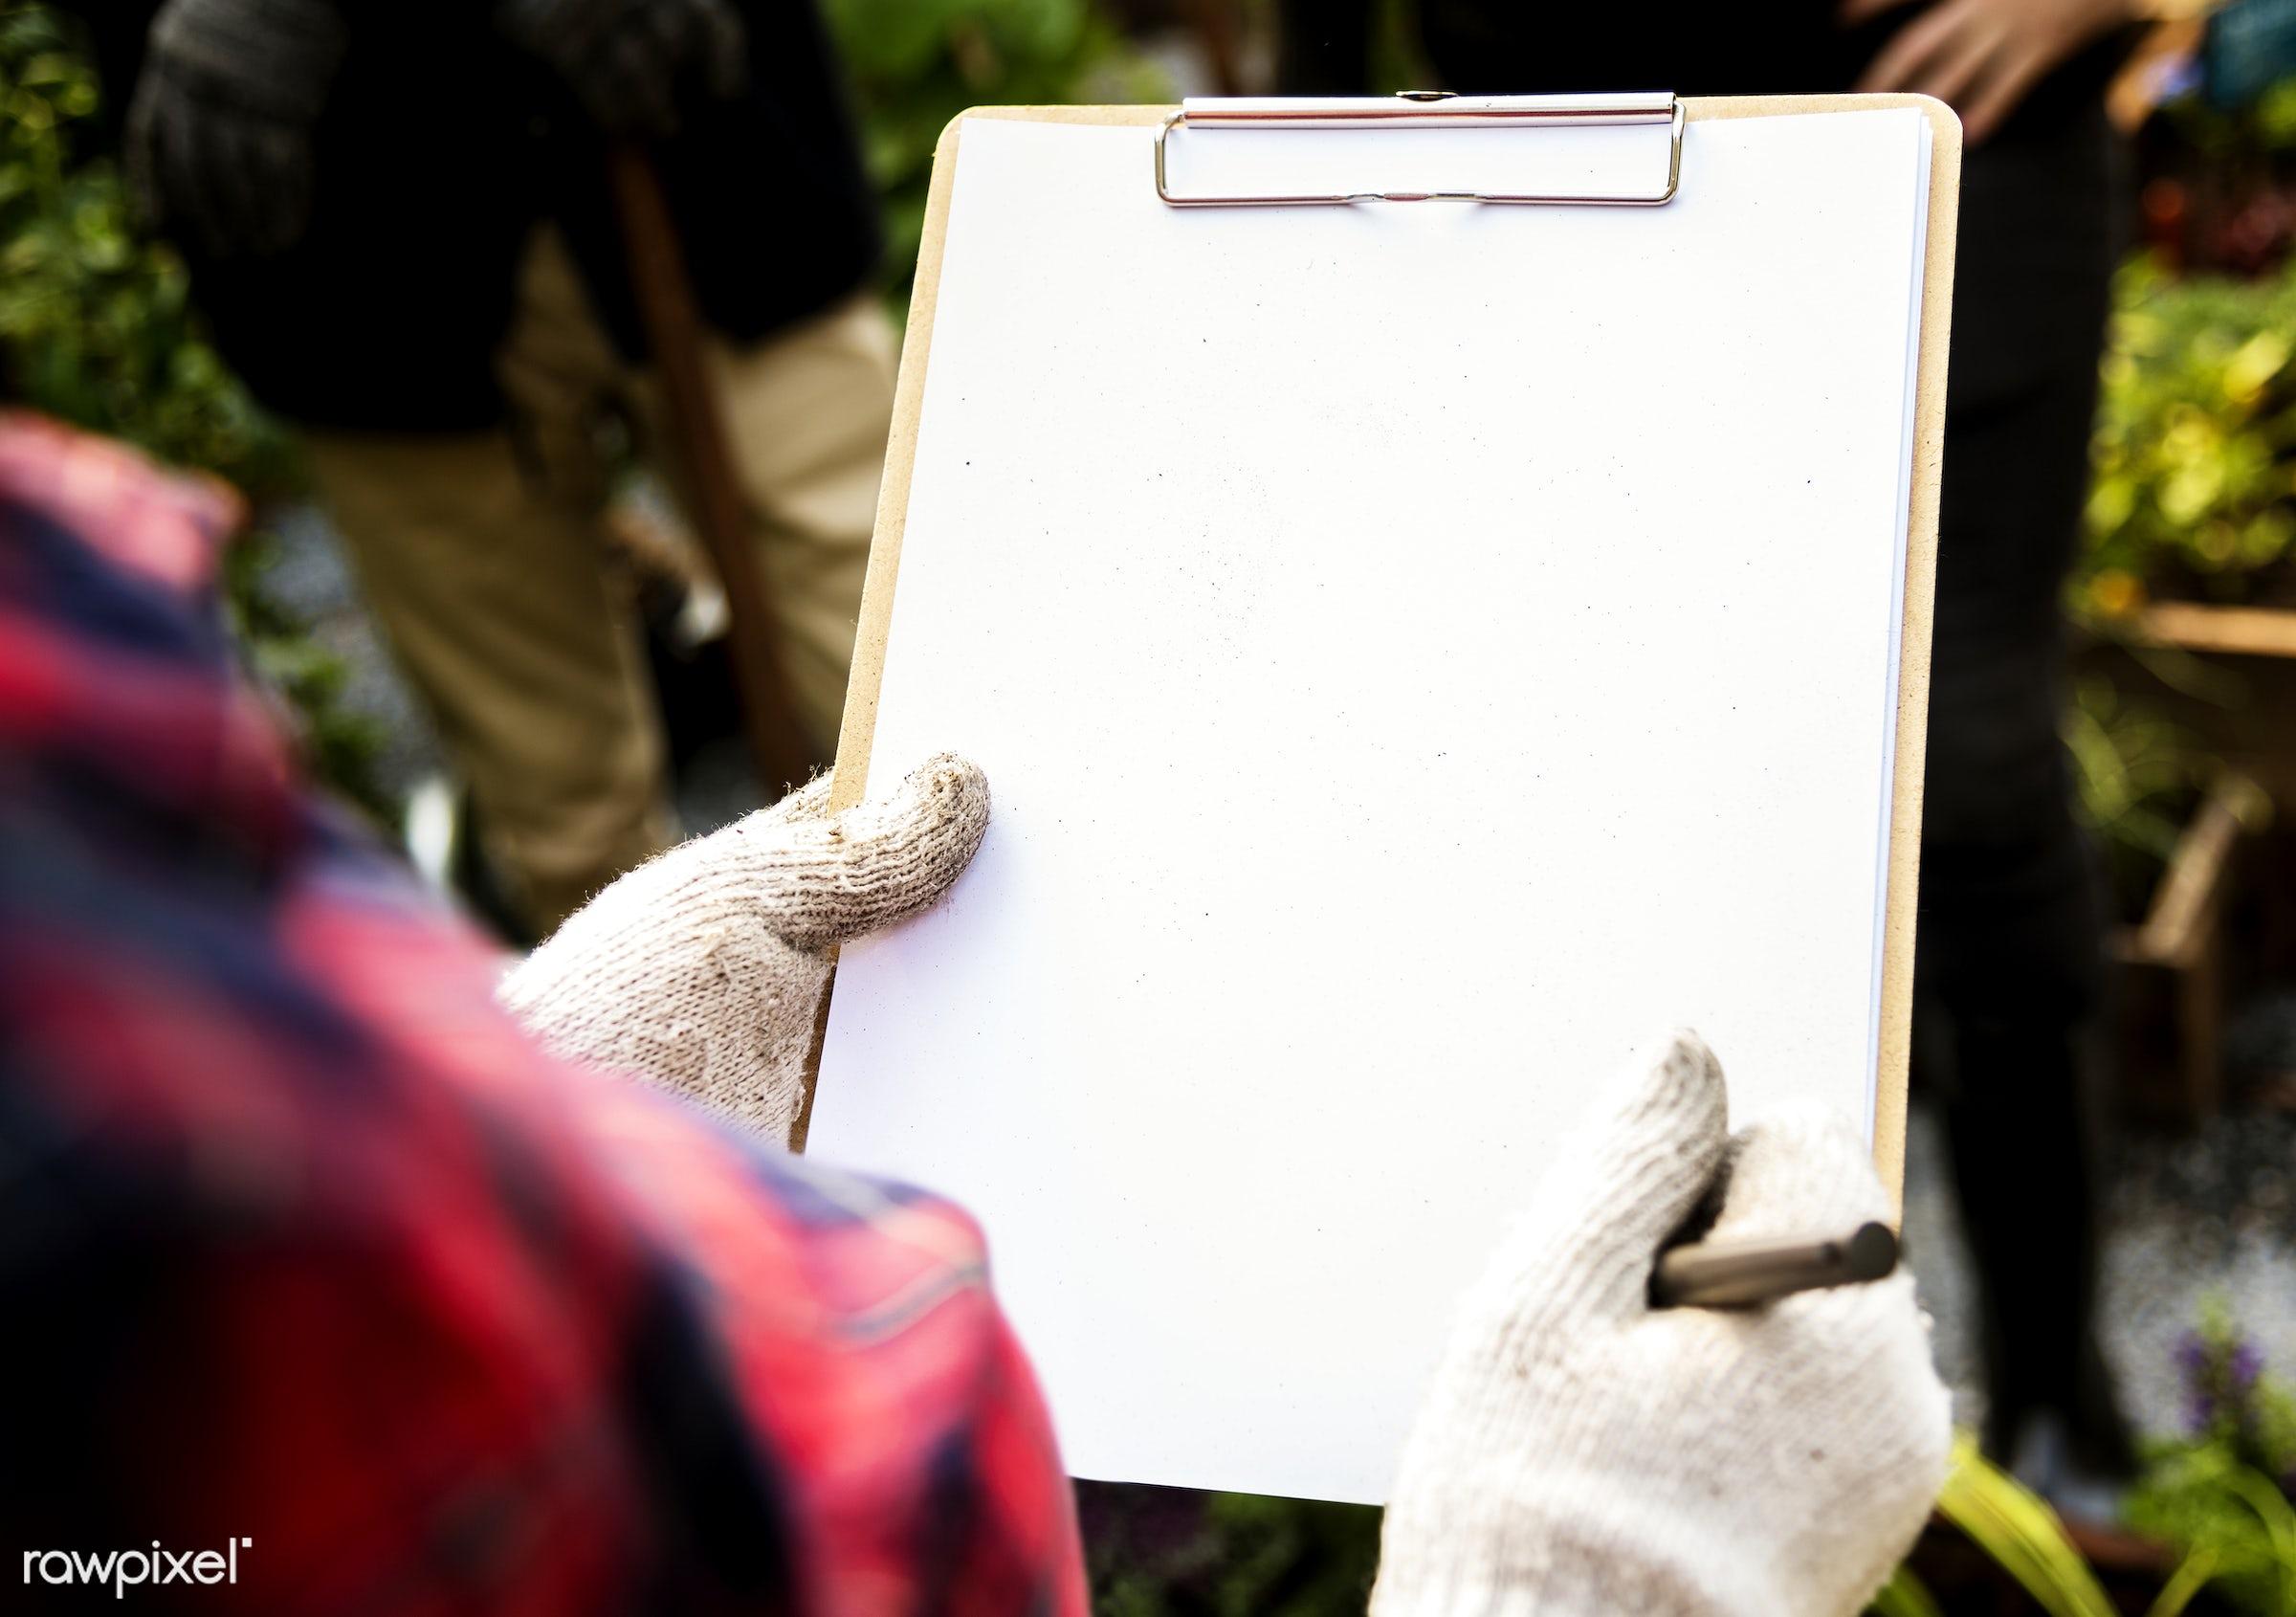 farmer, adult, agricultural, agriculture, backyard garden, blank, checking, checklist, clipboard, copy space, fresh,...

= = = = = = =

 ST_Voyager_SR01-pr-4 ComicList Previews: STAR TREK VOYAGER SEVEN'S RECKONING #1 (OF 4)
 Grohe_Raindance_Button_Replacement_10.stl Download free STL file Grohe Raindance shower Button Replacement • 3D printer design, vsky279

= = = = = = =

ASSIGNMENT.
Could you write out, exactly as they stand, only the lines above that begin at the line with "ST_Voyager_SR01-pr-4 ComicList Previews: STAR" and stop after the line with "Grohe_Raindance_Button_Replacement_10.stl Download free"?

YOUR SOLUTION.
 ST_Voyager_SR01-pr-4 ComicList Previews: STAR TREK VOYAGER SEVEN'S RECKONING #1 (OF 4)
 Grohe_Raindance_Button_Replacement_10.stl Download free STL file Grohe Raindance shower Button Replacement • 3D printer design, vsky279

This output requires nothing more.